BEGIN Task material

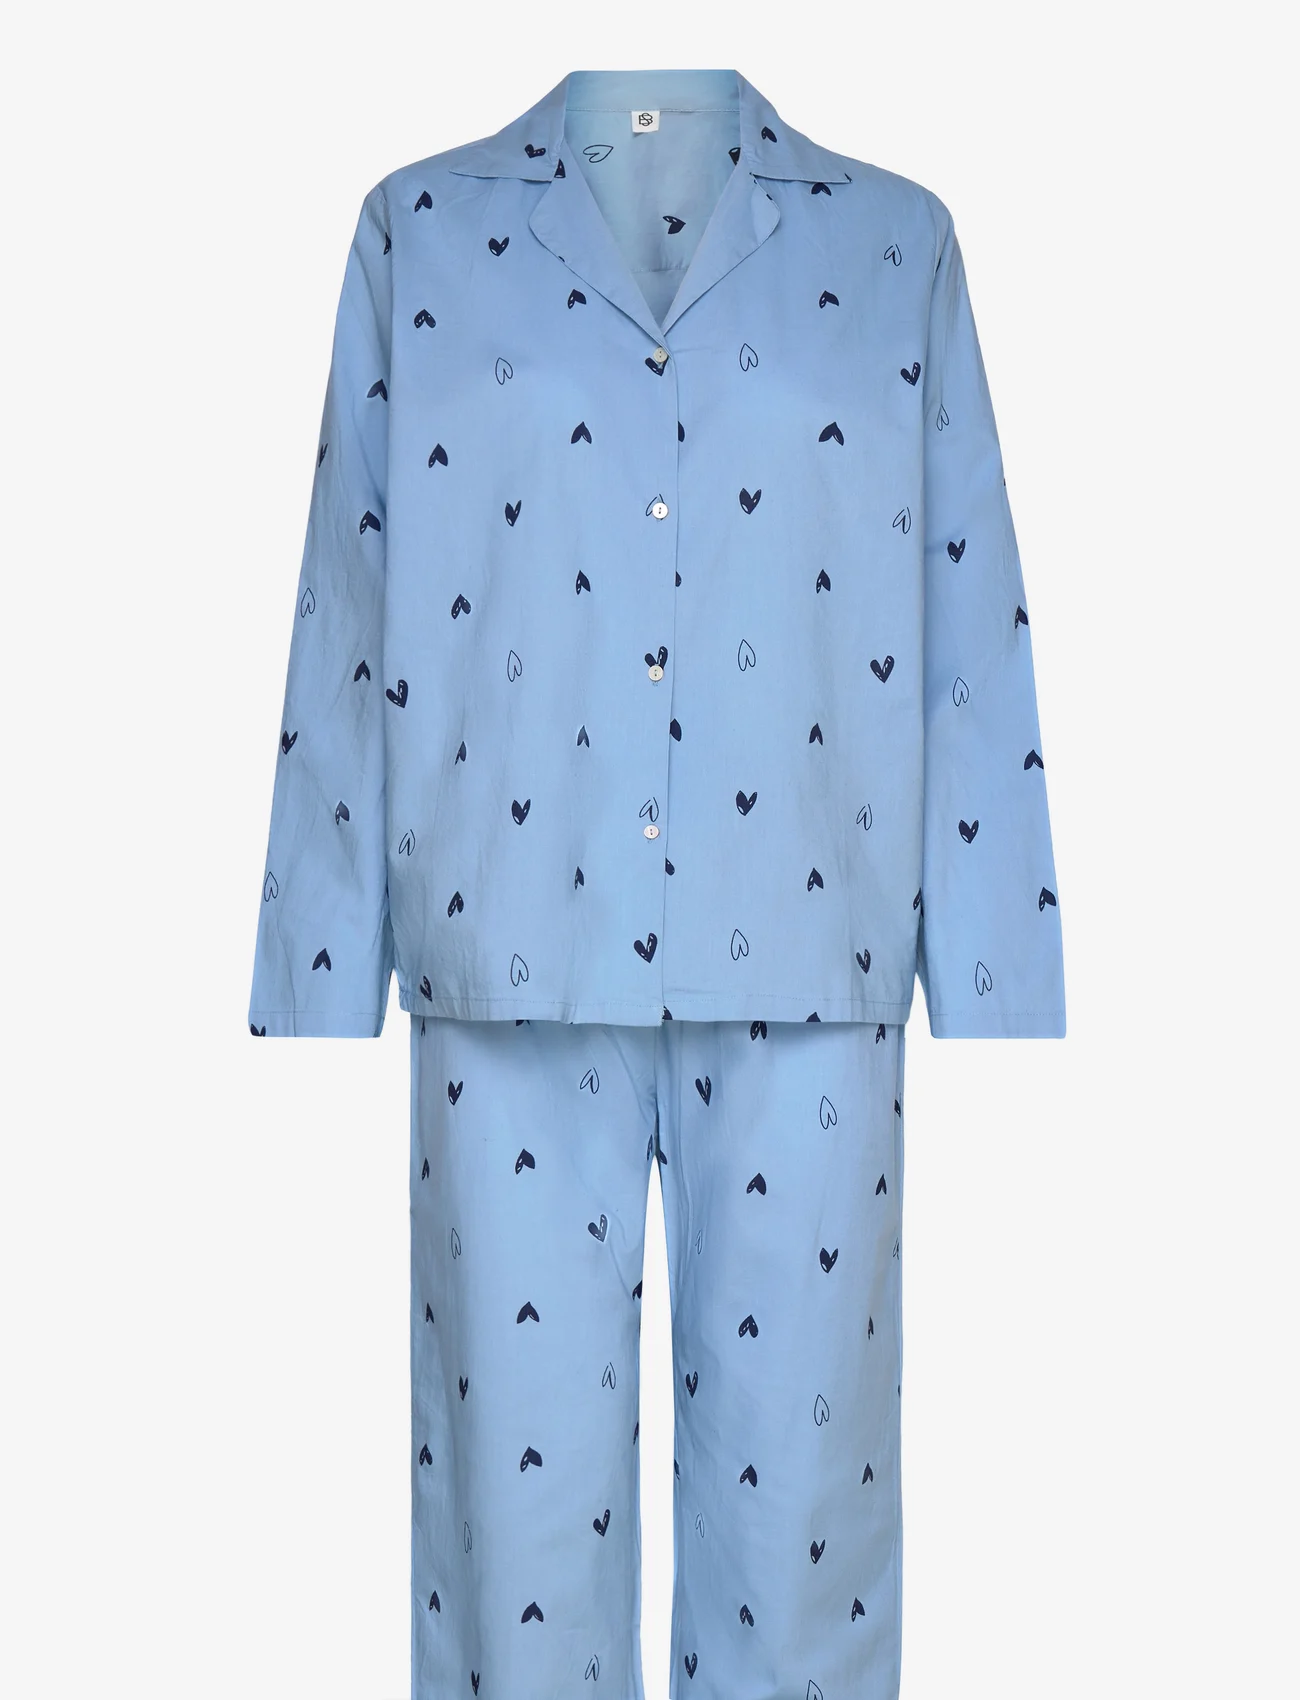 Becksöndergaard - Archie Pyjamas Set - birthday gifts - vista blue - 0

END Task material
BEGIN Task material

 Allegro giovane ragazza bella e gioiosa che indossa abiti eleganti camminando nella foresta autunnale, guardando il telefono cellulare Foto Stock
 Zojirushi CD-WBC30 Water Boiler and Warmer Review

END Task material

_Try it_
Using the data above, reproduce exactly the lines between those holding "Allegro giovane ragazza" and "Zojirushi CD-WBC30 Water", inclusive, and no others.

_Expected answer_
 Allegro giovane ragazza bella e gioiosa che indossa abiti eleganti camminando nella foresta autunnale, guardando il telefono cellulare Foto Stock
 Zojirushi CD-WBC30 Water Boiler and Warmer Review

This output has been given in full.